Source: L. 2003: Entire section added, p. 1363, 5, effective April 25. L. 2025: (1), (3), (7), and (12) amended and (3.5), (3.7), and (13) added, (HB 25-1272), ch. 183, p. 791, 4, effective August 6.

Annotations

Editor's note: Section 8(2) of chapter 183 (HB 25-1272), Session Laws of Colorado 2025, provides that the act changing this section applies to construction defect claims brought on or after August 6, 2025.

Annotations

Cross references: For the short title ("Colorado American Dream Act") and the legislative declaration in HB 25-1272, see section 1 of chapter 183, Session Laws of Colorado 2025.

Annotations

 

ANNOTATION

Annotations

Law reviews. For note, "Restore Colorado's Repair Doctrine for Construction-Defect Claims", see 83 U. Colo. L. Rev. 875 (2012).
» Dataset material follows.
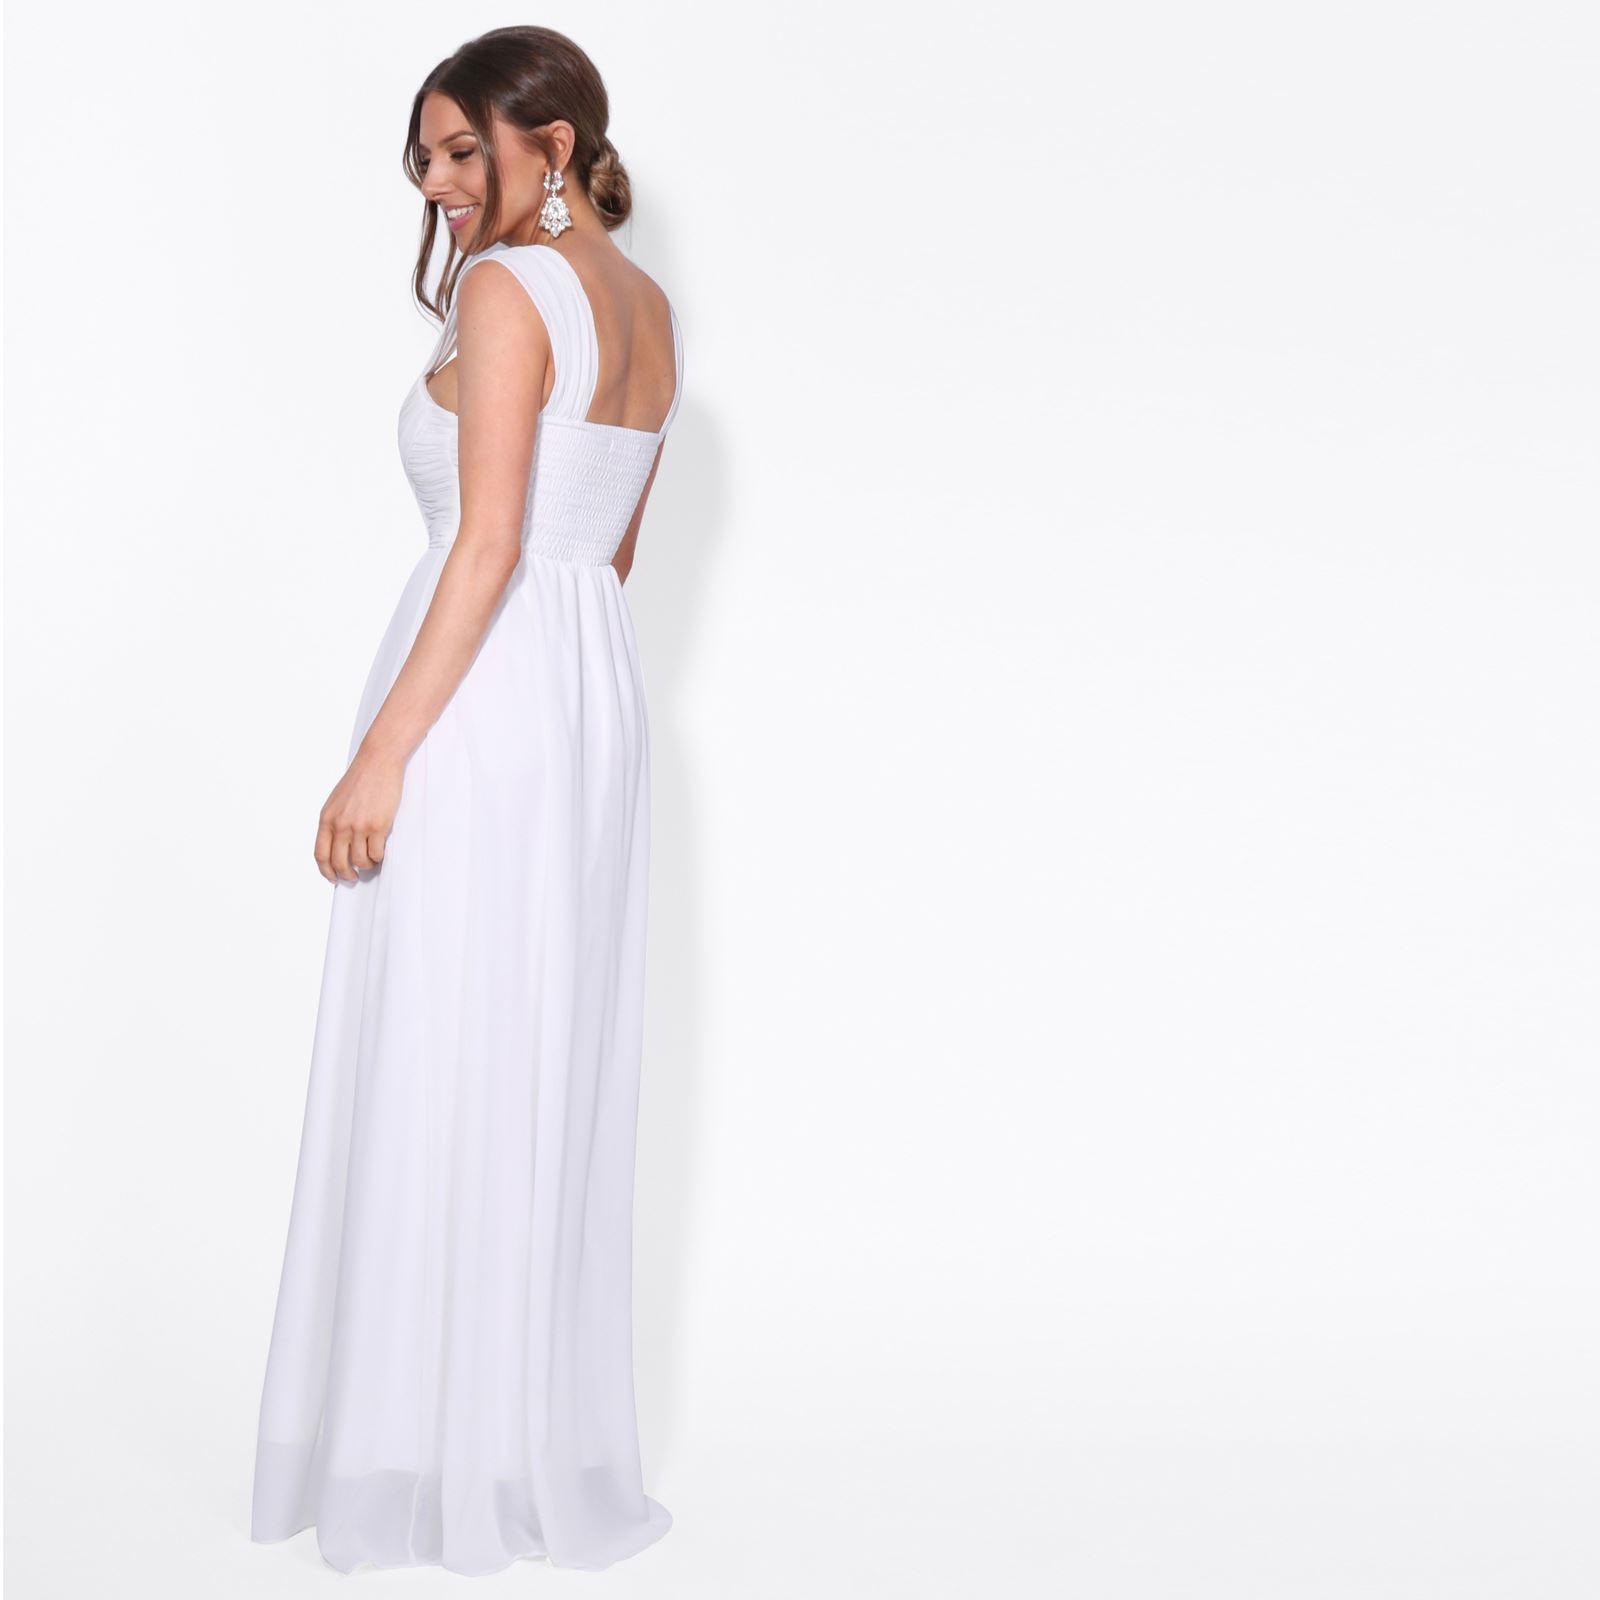 Womens-Elegant-Evening-One-Shoulder-Maxi-Bridal-Prom-Dress-Cocktail-Wedding-8-18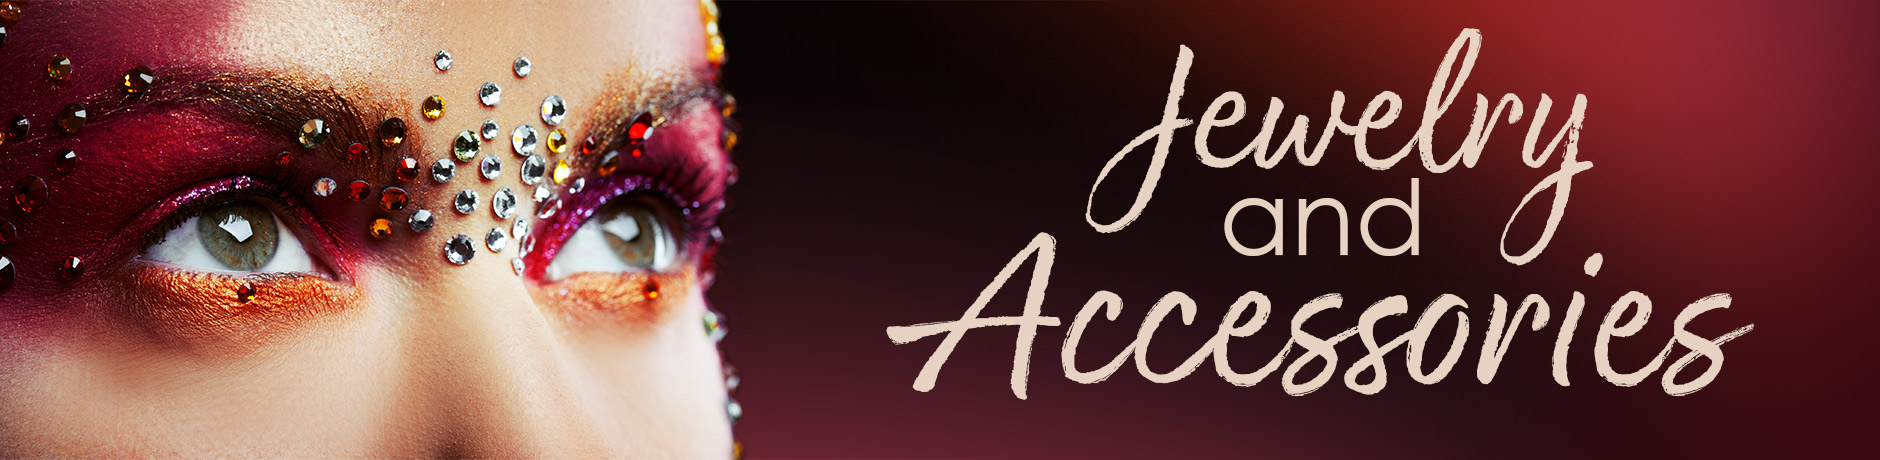 Costume Jewelry & Accessories

As a matter of law, the notice of claim process outlined in the Construction Defect Action Reform Act constitutes an alternative dispute resolution proceeding. Melssen v. Auto-Owners Ins. Co., 2012 COA 102, 285 P.3d 328.

Plaintiff is not required to plead or prove that plaintiff complied with the notice process or that claim arose from a "construction defect". Act requires only that the plaintiff prove the elements of his or her common law negligence claim. Land-Wells v. Rain Way Sprinkler & Lands., 187 P.3d 1152 (Colo. App. 2008).
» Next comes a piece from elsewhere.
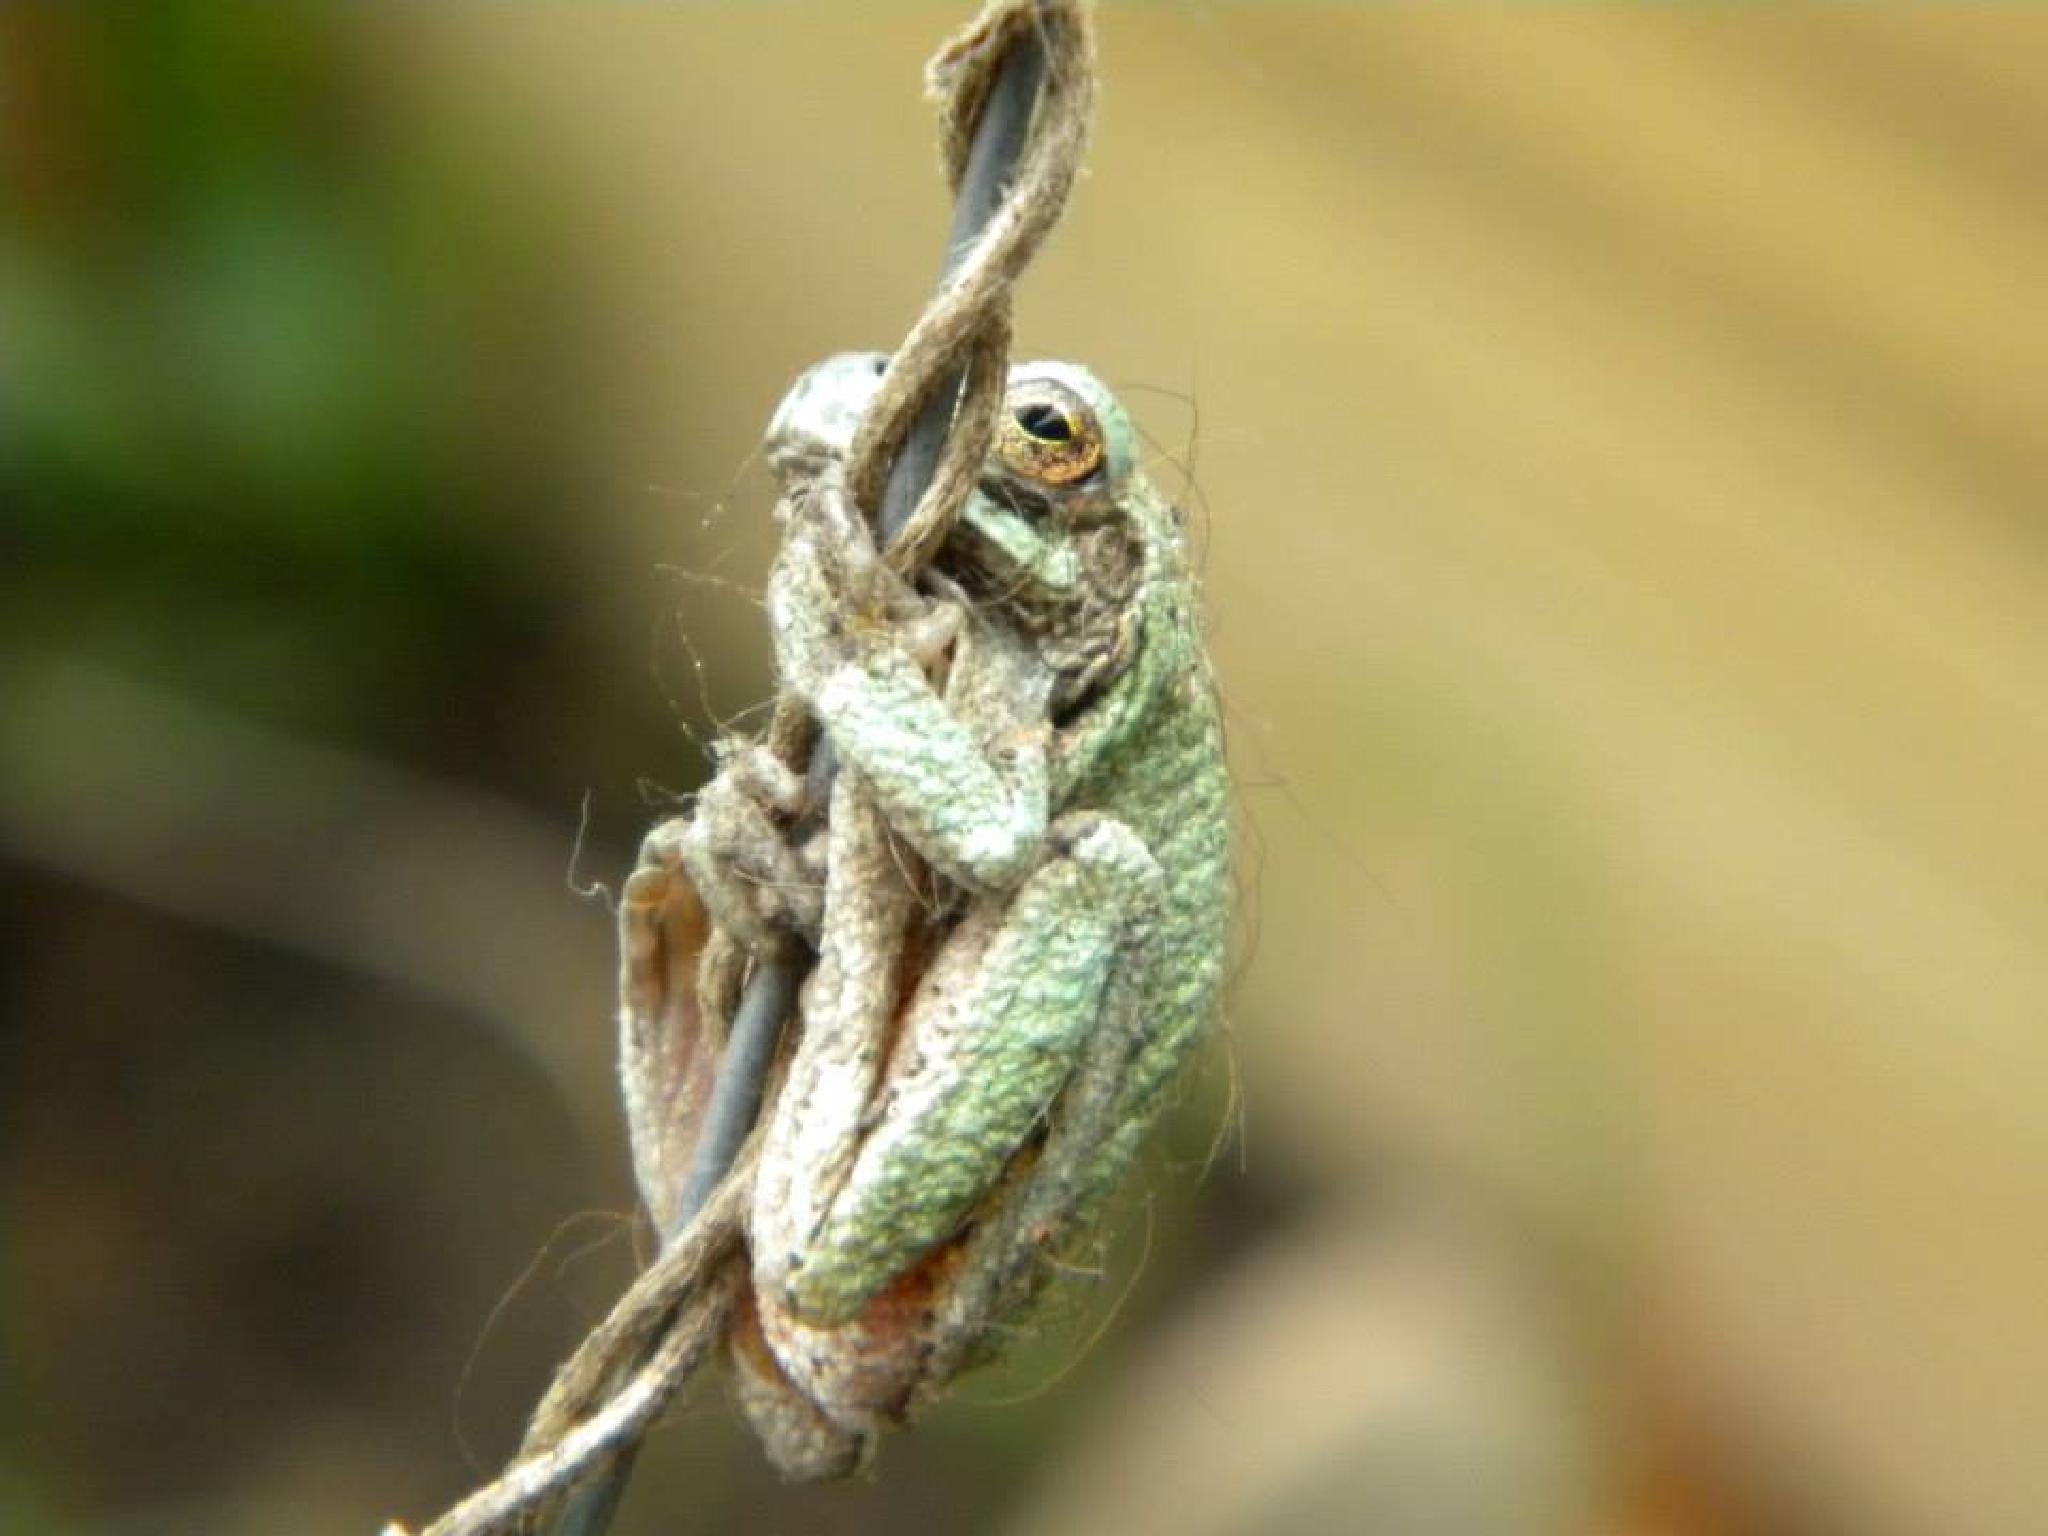 Hairy Little Frog by Trish Kraemer

Subsection (9) contemplates the situation in which a plaintiff may file a claim in court before sending a notice of claim to a prospective defendant. Curry v. Zag Built LLC, 2018 COA 66, 433 P.3d 125.

A case commences for purposes of subsection (9) when the plaintiff files a complaint in court. Curry v. Zag Built LLC, 2018 COA 66, 433 P.3d 125.

The stay required by subsection (9) is mandatory. Curry v. Zag Built LLC, 2018 COA 66, 433 P.3d 125.